§ **What you need to do**
Report only the number of lines that contain the string "Stockfoto" in the records below.

§ **Records for the exercise**
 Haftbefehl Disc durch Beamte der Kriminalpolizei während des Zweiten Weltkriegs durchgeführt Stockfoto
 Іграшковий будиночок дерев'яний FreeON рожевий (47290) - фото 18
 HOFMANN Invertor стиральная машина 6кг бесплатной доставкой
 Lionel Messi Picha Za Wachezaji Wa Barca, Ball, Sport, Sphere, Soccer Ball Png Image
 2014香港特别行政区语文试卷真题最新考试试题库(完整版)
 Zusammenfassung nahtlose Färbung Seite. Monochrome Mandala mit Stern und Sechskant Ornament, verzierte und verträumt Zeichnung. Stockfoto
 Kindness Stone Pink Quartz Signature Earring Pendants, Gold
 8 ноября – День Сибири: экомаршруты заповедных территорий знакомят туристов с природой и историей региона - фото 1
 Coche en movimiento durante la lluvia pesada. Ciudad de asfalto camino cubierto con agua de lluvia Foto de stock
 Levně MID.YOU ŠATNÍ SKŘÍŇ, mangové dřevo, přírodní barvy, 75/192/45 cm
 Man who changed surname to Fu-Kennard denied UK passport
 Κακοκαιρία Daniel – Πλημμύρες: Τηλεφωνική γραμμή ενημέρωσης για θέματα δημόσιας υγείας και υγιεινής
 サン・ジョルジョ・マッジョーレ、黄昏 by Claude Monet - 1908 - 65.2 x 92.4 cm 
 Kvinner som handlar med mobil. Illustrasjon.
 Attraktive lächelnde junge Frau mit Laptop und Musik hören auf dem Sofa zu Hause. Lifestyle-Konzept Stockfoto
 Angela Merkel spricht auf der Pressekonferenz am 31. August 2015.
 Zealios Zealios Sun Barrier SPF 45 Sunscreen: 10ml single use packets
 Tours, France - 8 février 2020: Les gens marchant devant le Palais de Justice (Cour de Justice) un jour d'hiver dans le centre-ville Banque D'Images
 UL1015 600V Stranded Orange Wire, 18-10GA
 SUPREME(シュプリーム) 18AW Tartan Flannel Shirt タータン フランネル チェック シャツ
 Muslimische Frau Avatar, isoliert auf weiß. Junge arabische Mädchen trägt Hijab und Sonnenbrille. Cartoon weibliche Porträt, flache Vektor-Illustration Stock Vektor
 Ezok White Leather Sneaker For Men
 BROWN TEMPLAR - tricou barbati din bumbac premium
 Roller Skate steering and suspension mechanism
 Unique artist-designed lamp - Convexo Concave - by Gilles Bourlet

§ **Answer section**
3